Top of Information given
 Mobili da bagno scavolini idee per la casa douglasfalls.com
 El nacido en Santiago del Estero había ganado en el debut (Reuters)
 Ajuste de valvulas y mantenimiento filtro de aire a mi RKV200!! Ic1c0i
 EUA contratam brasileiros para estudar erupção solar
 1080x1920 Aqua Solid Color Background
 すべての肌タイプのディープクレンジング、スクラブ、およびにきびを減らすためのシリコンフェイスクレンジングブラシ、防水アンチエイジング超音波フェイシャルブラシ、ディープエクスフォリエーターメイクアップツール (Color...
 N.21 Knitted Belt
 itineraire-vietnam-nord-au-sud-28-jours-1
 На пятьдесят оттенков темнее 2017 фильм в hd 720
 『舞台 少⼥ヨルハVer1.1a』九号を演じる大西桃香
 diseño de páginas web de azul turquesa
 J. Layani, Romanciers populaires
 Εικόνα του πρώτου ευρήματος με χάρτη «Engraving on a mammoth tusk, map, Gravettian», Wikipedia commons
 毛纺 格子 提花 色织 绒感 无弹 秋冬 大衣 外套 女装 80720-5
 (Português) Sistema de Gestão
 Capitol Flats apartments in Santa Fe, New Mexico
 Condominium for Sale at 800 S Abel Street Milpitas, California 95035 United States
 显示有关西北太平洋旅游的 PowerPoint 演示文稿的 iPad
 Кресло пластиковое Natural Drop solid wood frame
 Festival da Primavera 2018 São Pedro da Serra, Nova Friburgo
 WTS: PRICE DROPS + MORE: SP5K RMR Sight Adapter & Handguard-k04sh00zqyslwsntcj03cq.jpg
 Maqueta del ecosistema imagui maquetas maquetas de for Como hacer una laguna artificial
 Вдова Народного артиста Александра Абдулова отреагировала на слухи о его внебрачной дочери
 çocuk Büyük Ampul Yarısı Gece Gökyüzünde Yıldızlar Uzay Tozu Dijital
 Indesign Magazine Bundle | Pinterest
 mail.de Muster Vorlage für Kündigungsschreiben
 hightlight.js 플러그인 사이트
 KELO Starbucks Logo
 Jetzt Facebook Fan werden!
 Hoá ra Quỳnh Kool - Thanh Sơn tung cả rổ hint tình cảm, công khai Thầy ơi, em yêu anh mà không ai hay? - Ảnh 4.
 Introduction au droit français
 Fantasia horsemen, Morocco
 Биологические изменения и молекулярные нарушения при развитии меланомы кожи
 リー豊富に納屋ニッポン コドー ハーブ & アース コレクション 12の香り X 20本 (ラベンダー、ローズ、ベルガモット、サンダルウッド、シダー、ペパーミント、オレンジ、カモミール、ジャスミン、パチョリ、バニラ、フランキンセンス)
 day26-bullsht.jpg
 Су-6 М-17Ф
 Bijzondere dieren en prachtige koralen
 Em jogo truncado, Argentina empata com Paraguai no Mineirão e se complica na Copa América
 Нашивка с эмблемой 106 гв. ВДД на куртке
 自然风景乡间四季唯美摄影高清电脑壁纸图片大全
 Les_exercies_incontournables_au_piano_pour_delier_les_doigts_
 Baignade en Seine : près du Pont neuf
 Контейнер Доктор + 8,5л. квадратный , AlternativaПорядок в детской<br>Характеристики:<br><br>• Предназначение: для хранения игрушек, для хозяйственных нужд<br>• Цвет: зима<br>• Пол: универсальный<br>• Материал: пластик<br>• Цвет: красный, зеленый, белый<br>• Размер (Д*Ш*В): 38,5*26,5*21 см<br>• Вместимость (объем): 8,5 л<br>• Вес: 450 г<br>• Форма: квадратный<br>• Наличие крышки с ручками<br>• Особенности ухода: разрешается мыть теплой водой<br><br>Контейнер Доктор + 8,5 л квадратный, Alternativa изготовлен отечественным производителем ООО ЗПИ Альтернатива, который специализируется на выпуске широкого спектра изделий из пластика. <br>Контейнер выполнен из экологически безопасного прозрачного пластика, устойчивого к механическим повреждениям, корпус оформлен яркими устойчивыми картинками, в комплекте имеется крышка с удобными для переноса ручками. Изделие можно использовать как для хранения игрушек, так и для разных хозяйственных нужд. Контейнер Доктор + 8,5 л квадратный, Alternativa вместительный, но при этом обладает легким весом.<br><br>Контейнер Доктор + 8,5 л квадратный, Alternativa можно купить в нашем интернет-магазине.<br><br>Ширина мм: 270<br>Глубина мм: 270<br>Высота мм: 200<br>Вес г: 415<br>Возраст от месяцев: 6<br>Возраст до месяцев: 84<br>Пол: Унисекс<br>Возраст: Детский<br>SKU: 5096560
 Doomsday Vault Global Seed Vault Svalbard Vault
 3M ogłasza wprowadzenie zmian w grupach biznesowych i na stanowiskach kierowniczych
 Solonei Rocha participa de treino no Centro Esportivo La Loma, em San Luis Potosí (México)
Bottom of Information given
> **Exercise description**
Search the data above and return each line in which "Color" occurs.

> **Reply to the exercise**
 1080x1920 Aqua Solid Color Background
 すべての肌タイプのディープクレンジング、スクラブ、およびにきびを減らすためのシリコンフェイスクレンジングブラシ、防水アンチエイジング超音波フェイシャルブラシ、ディープエクスフォリエーターメイクアップツール (Color...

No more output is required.